Seo Danışmanlık Hizmeti

Seo

seo hizmeti

oto çıkma bmw çıkma opel çıkma hyundai çıkma çıkma parça nissan çıkma renault çıkma honda çıkma toyota çıkma mazda çıkma citroen çıkma pejo çıkma peugeot çıkma ford çıkma mercedes çıkma mersedes çıkma fiat çıkma dodge çıkma porsche çıkma volvo çıkma volkswagen çıkma man çıkma seat çıkma suzuki çıkma geely çıkma ferrari çıkma dacia çıkma kia çıkma Konu Başlığı: İşler Güçler Çalgı Çengi filminden hatırladığımız Ahmet Kural ve Murat Cemcir ikilisi şimdiler de işler güçler dizisiyle gündemi meşgul etmekteler. Aralarında Sadi'yi unutmamak gerek. işler güçler izle kendine gel demekle yetiniyorum. :) Modern muzip yalanlar sloganıyla hayatımıza giren işler güçler dizisi televizyon sektörüne girdiği ilk günde "izlenilesi" türk dizisi listersine giren dizi her geçen gün televizyon dünyasında büyük farklılıklar yaratmaya devam etmektedir. Ahmet Kural,Murat Cemcir , Sadi ve Salih abinin unutulmaz replikleri için işler güçler dizimize bekleriz.
Yapım:2009 – ABD
Tür:Aksiyon
Oyuncular:Ray Park,Gerald Okamura,Johnny Yong Bosch,Christian Stokes,Dan Southworth,Esteban Cueto,Hidetoshi ımura
Yönetmen:Mitch Gould,David Wald,Hiro Koda
Senaryo:Mitch Gould
Yapımcı:J.j. Perry,David Wald,Hiro Koda,Mitch Gould
Görüntü Yönetmeni:David Wald
Süre: 1 saat 27 dk
Konusu:Olağanüstü güçlere sahip olan bir takım insanın kötü ruhlara karşı mücadelesini anlatan güzel bir aksiyon filmi.Videoizletir.net iy iseyirler diler..

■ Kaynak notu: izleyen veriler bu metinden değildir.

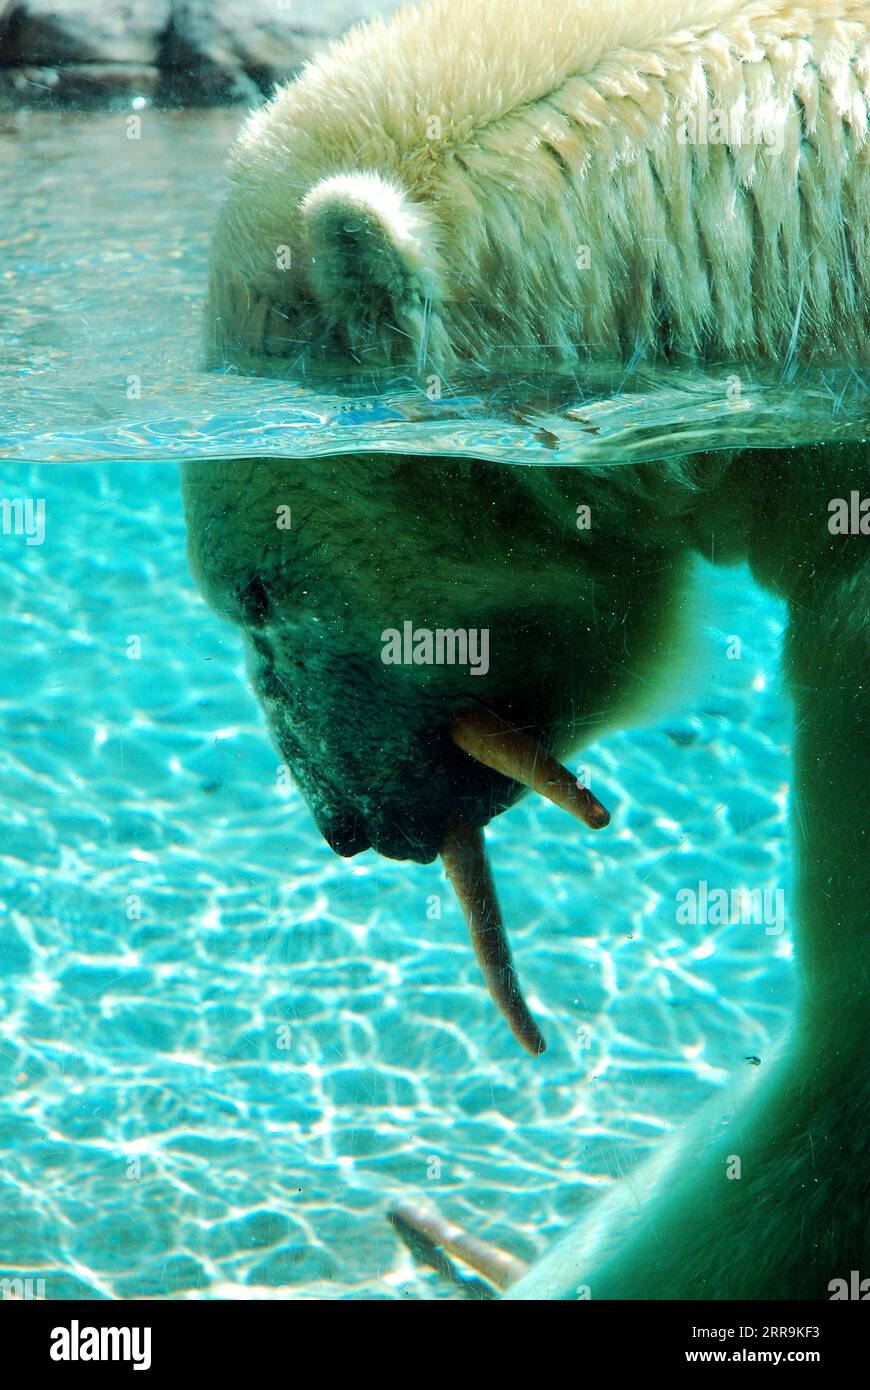 Ein Polarbär schlürft auf Karotten, während er seinen Kopf ins Wasser taucht Stockfoto
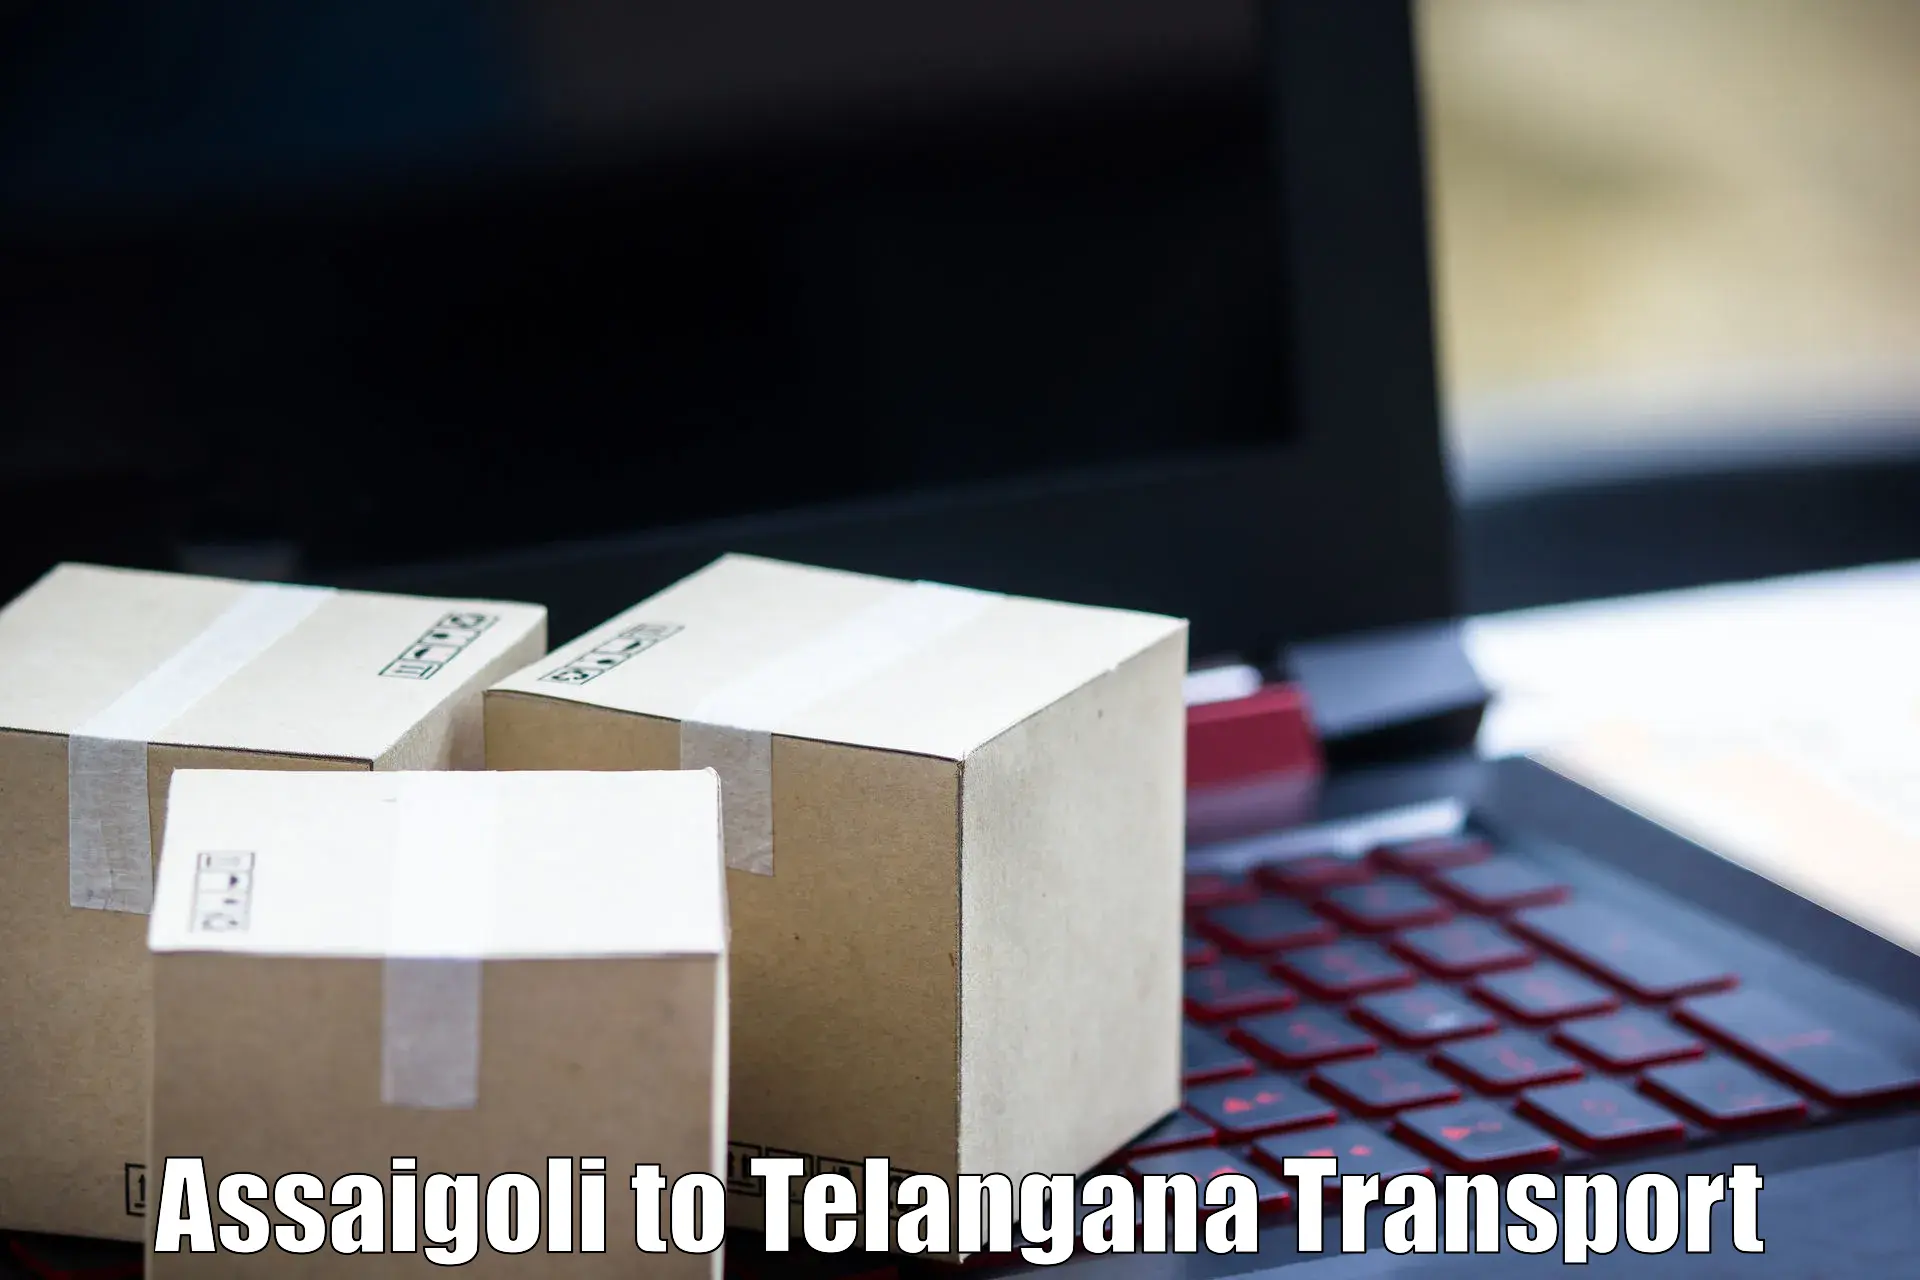 Container transportation services Assaigoli to Sikanderguda

parça kontör kontör satış kontör bayilik parça kontör turkcell bayilik vodafone bayilik avea bayilik turkcell kontör vodafone kontör avea kontör kontür satış parça kontör Konu Başlığı: İşler Güçler Çalgı Çengi filminden hatırladığımız Ahmet Kural ve Murat Cemcir ikilisi şimdiler de işler güçler dizisiyle gündemi meşgul etmekteler. Aralarında Sadi'yi unutmamak gerek. işler güçler izle kendine gel demekle yetiniyorum. :) Modern muzip yalanlar sloganıyla hayatımıza giren işler güçler dizisi televizyon sektörüne girdiği ilk günde "izlenilesi" türk dizisi listersine giren dizi her geçen gün televizyon dünyasında büyük farklılıklar yaratmaya devam etmektedir. Ahmet Kural,Murat Cemcir , Sadi ve Salih abinin unutulmaz replikleri için işler güçler dizimize bekleriz.